Mungkin orang lain ingin kendaraan yang lebih mahal, pekerjaan yang lebih tinggi, atau perjalanan yang lebih jauh.


Silakan.


Kita tidak perlu iri.


Dan kita juga tidak perlu merasa lebih baik.


Sebab bisa jadi ukuran keberhasilan kita memang berbeda.


Mungkin bagi kita, berhasil adalah ketika keluarga bisa hidup dengan layak tanpa kehilangan waktu bersama.


Ketika masih punya tenaga untuk mengajar.


Masih punya kesempatan untuk belajar.


Masih bisa hadir untuk orang-orang yang membutuhkan.


Masih bisa beribadah dengan tenang.


Dan ketika malam tiba, kita bisa merebahkan kepala tanpa terlalu banyak penyesalan karena sepanjang hari hanya sibuk mengejar sesuatu yang sebenarnya tidak kita perlukan.

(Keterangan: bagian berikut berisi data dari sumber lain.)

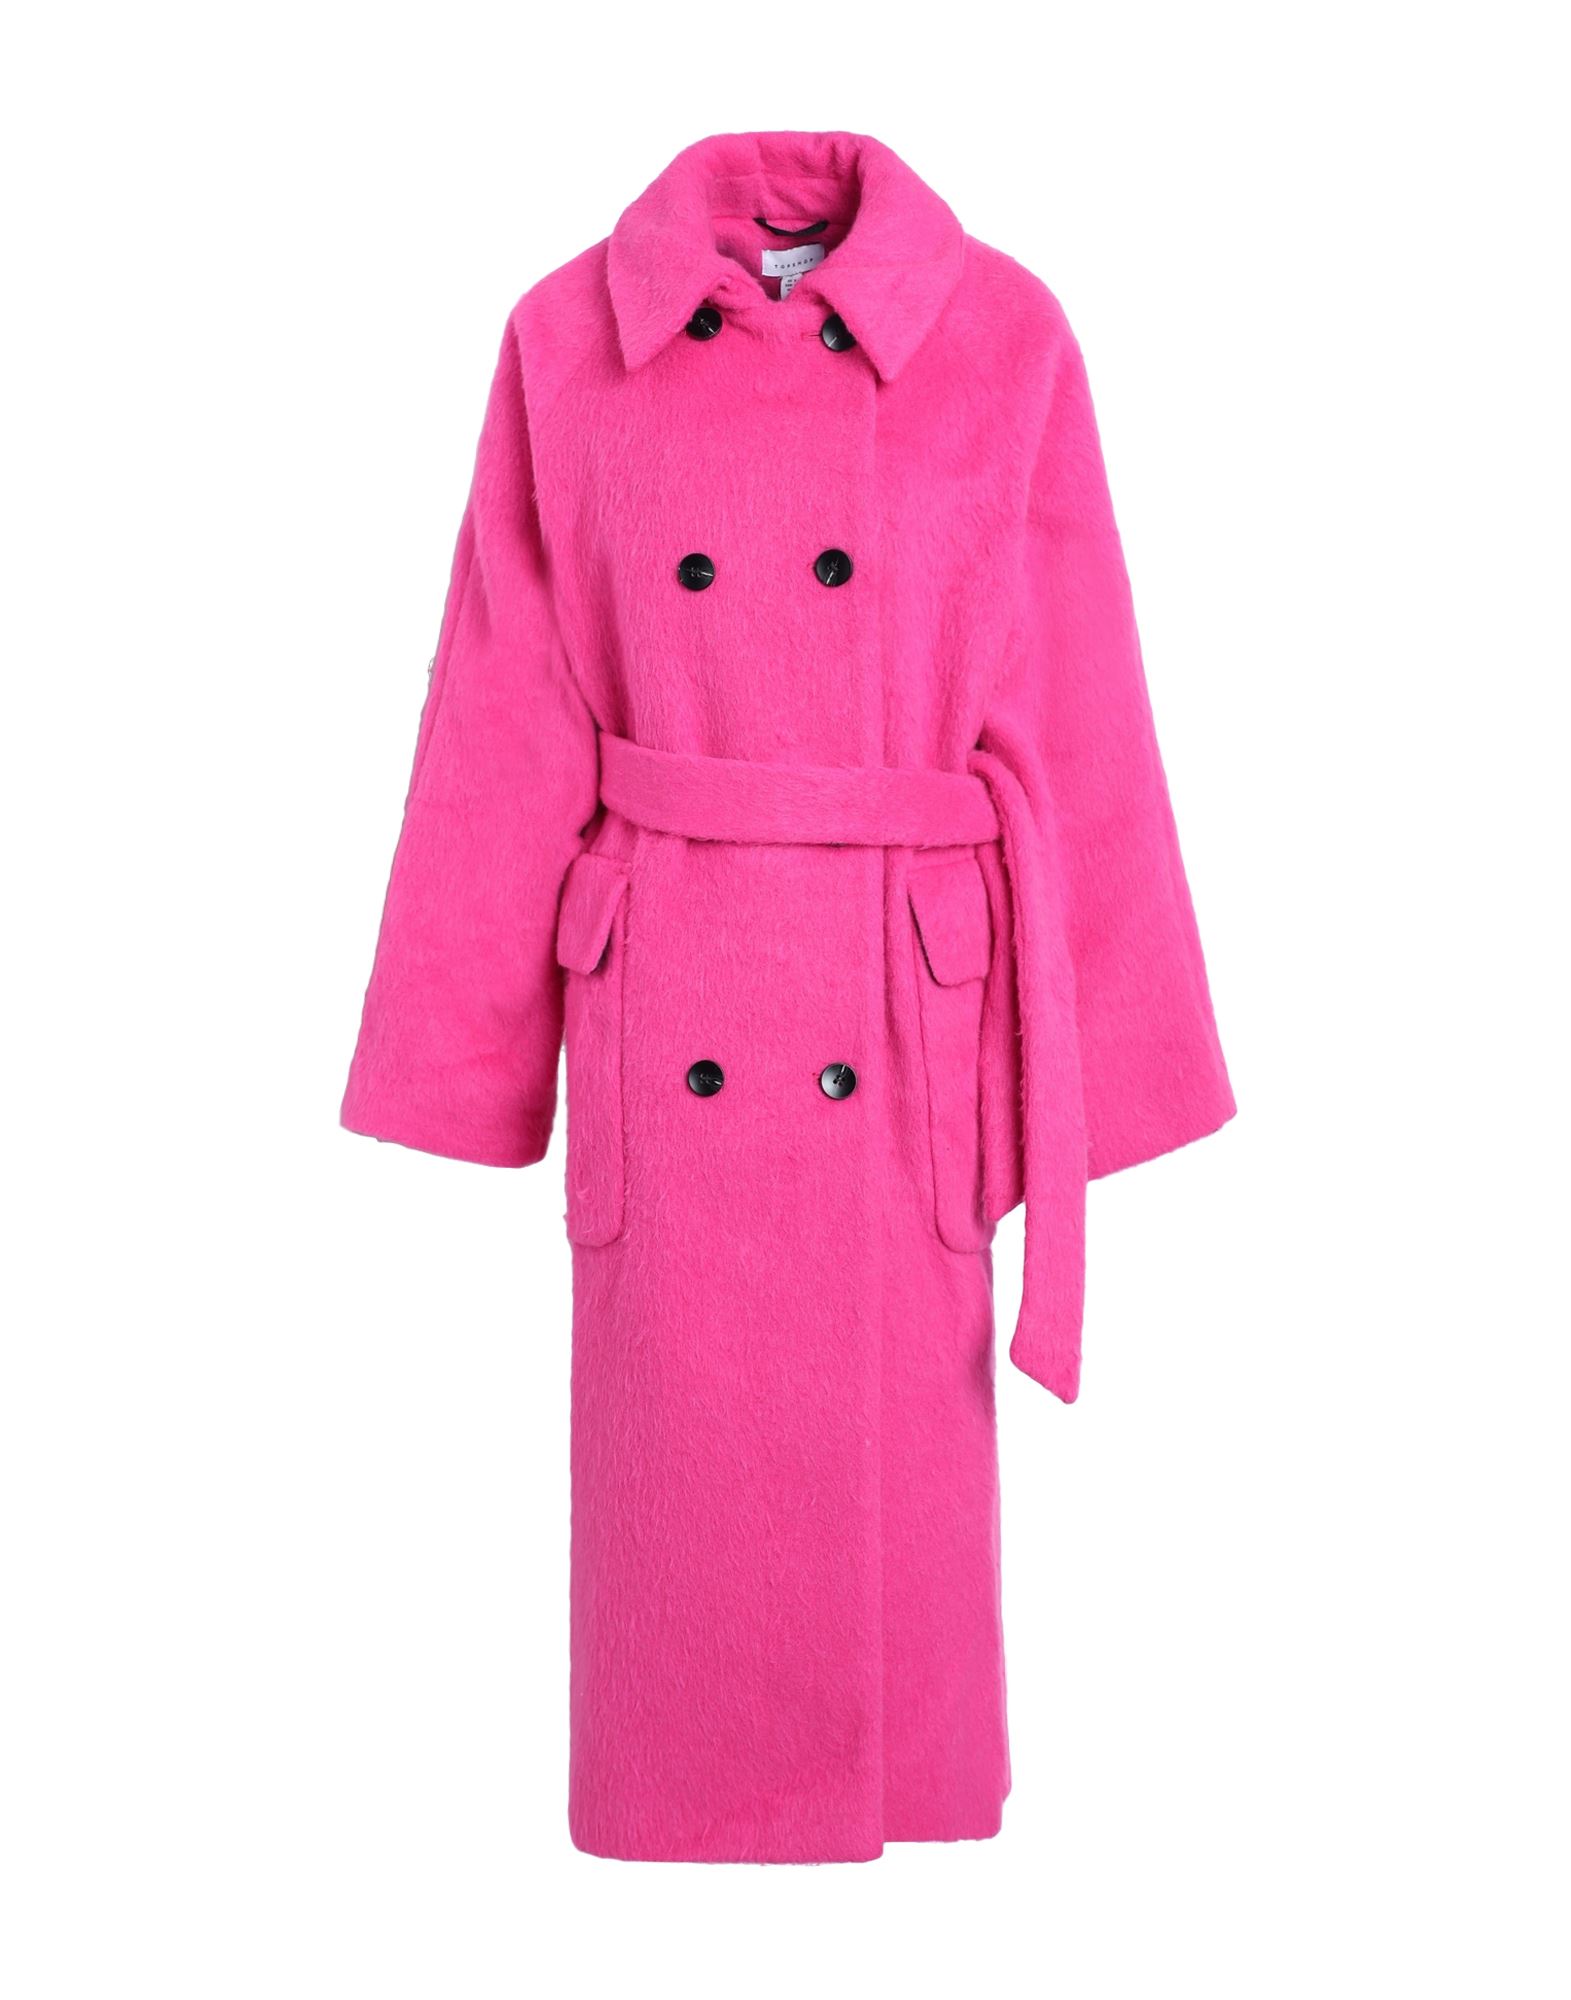 Topshop Coats In Pink

Maka, kalau suatu hari melihat kehidupan orang lain dan hati mulai goyah, mungkin kita tidak perlu memarahi diri sendiri.


Katakan saja pelan-pelan:


“Bagus ya. Semoga dia menikmatinya.”


Lalu kembali kepada hidup kita.


Kembali kepada keluarga.


Kembali kepada tanggung jawab.


Kembali kepada cita-cita kita.


Kembali kepada apa yang memang ingin kita kejar.


Karena mungkin...


kita tidak sedang kalah.


Kita hanya tidak mengikuti perlombaan yang sama.


Dan semoga kita tidak menghabiskan hidup untuk mengejar sesuatu hanya karena takut dianggap tertinggal.


Sebab pada akhirnya, hidup bukan tentang siapa yang paling banyak memiliki.


Melainkan tentang apakah kita tahu apa yang layak dikejar, apa yang perlu dilepaskan, dan kepada siapa semua yang kita miliki akhirnya akan dipertanggungjawabkan.